A native of Lakeland, FL, Abre' served as the Directing Attorney of Health at the Law Foundation of Silicon Valley where she led the litigation, direct legal services work, and advocacy regarding health equity and the social determinants of health that impact historically excluded communities across the Silicon Valley. Before joining the Law Foundation, Abre' was a staff attorney with the ACLU Foundation of Northern California, where she advocated for the civil rights and liberties of Central Valley and Northern California residents, including an emphasis on issues that impact people of color in rural communities such as environmental justice. As a staff attorney at the Center on Race, Poverty, and the Environment in Delano, CA, Abre' primarily worked with migrant farmworkers and in unincorporated communities. She has worked at numerous civil rights entities including the NAACP Legal Defense and Educational Fund, the U.S. Department of Education Office of Civil Rights, and Capitol Hill. She was also an associate in the White House Office of Presidential Personnel in the Obama Administration. Abre' served as the elected Assembly Speaker for the American Bar Association Young Lawyers Division, the chief policy officer for the Division, and is an appointed member of the ABA's Commission on Youth at Risk Advisory Board and Children's Rights Litigation Working Group. Under her leadership, the Division adopted a resolution declaring racism as a public health crisis which is now ABA policy. She currently sits on the ABA's Board of Governors, Earthjustice's Board of Trustees, and was appointed to the EPA's first HBCU-MSI Advisory Council.
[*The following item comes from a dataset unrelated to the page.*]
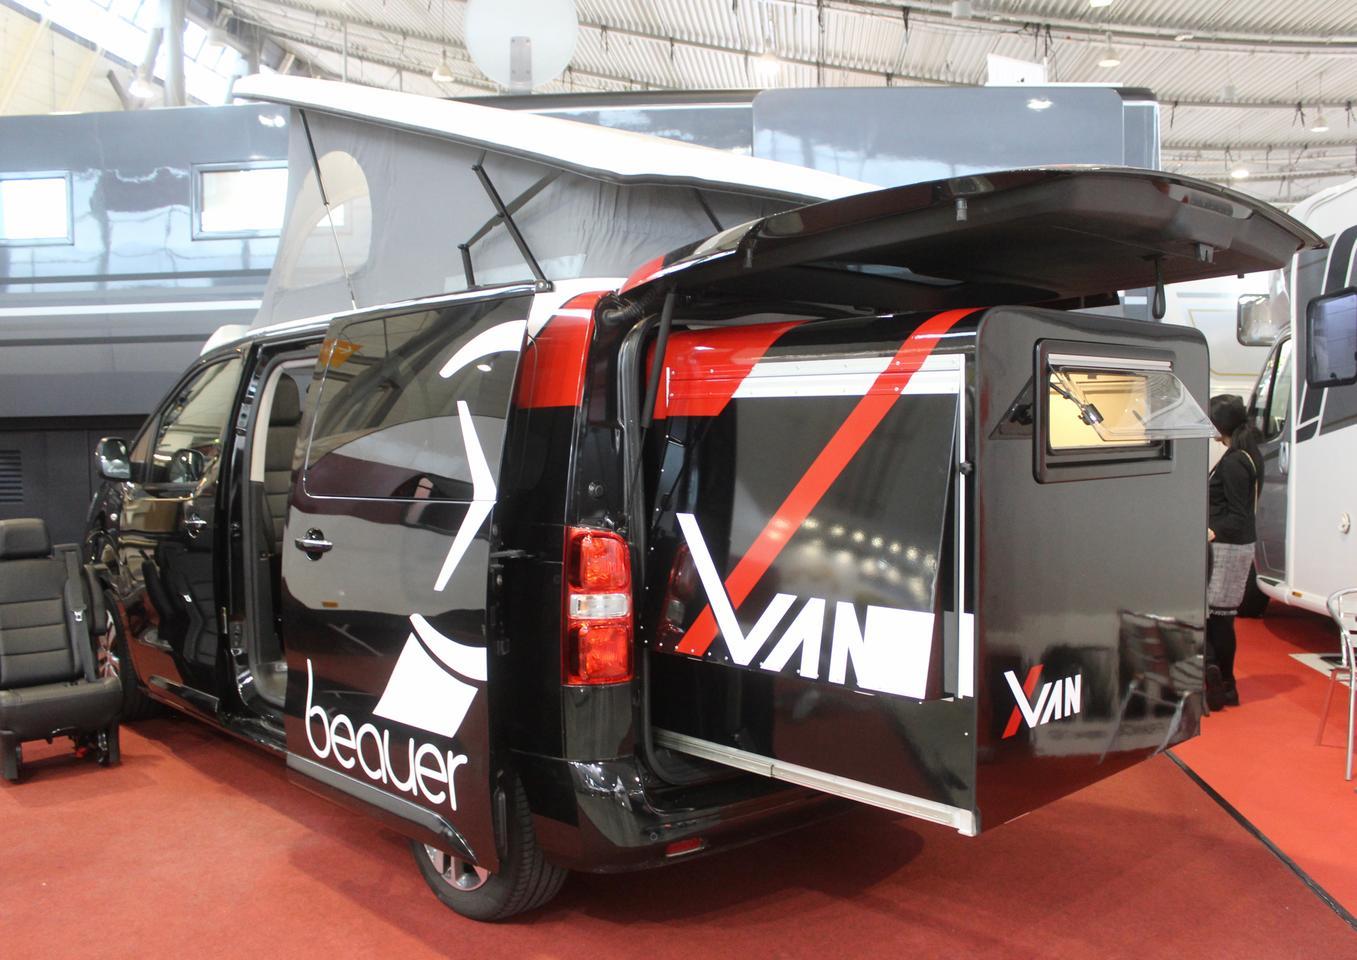 Beauer의 X-Van은 소형 밴용 전동 확장 슬리퍼 모듈입니다.
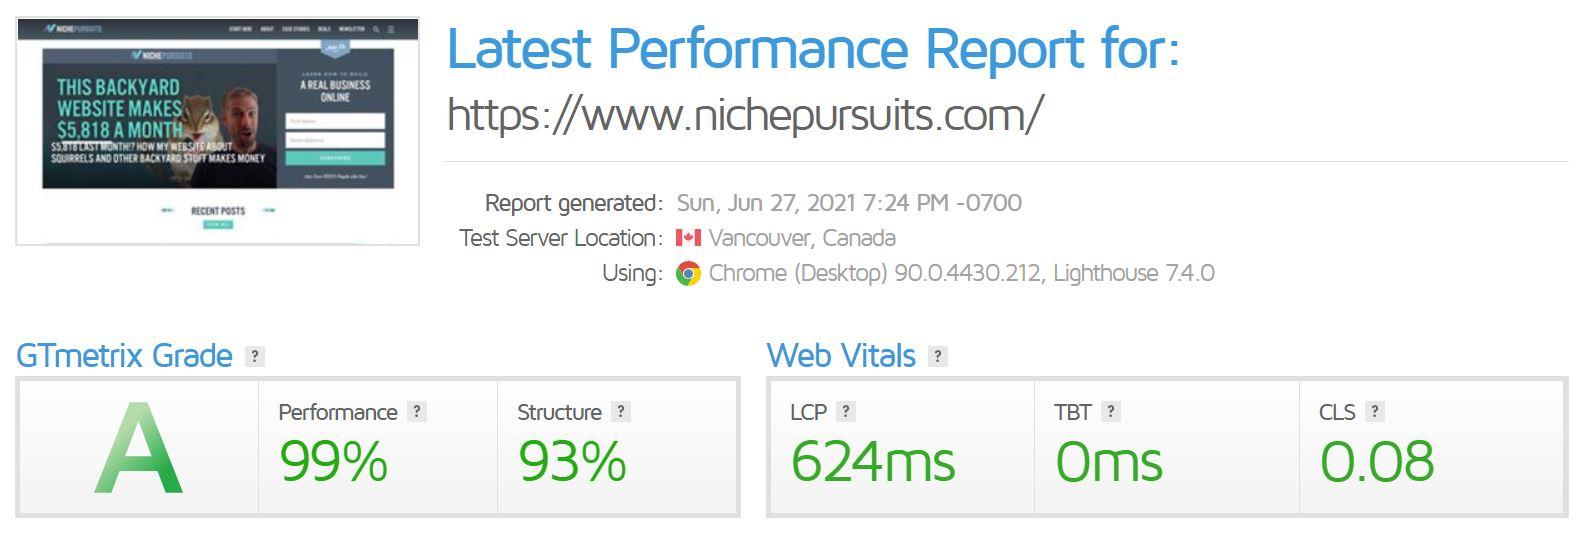 increase website page views

A graduate of American University, Washington College of Law, and the University of Florida, Abre' has been named a top 40 under 40 Nation's Best Advocate by the National Bar Association, top 100 leader by Fresno Black Chamber of Commerce, top 40 On the Rise Attorneys by the American Bar Association Young Lawyers Division, Community Champion by Fresno Building Healthy Communities, 40 under 40 alumni by the University of Florida, 40 under 40 Young, Gifted, and Green recipient, and has been featured in the New York Times' The Daily, Essence, Forbes Magazine, American Bar Association Journal, Zeta Phi Beta Sorority Incorporated's National Magazine, The Archon, and Cosmopolitan Magazine.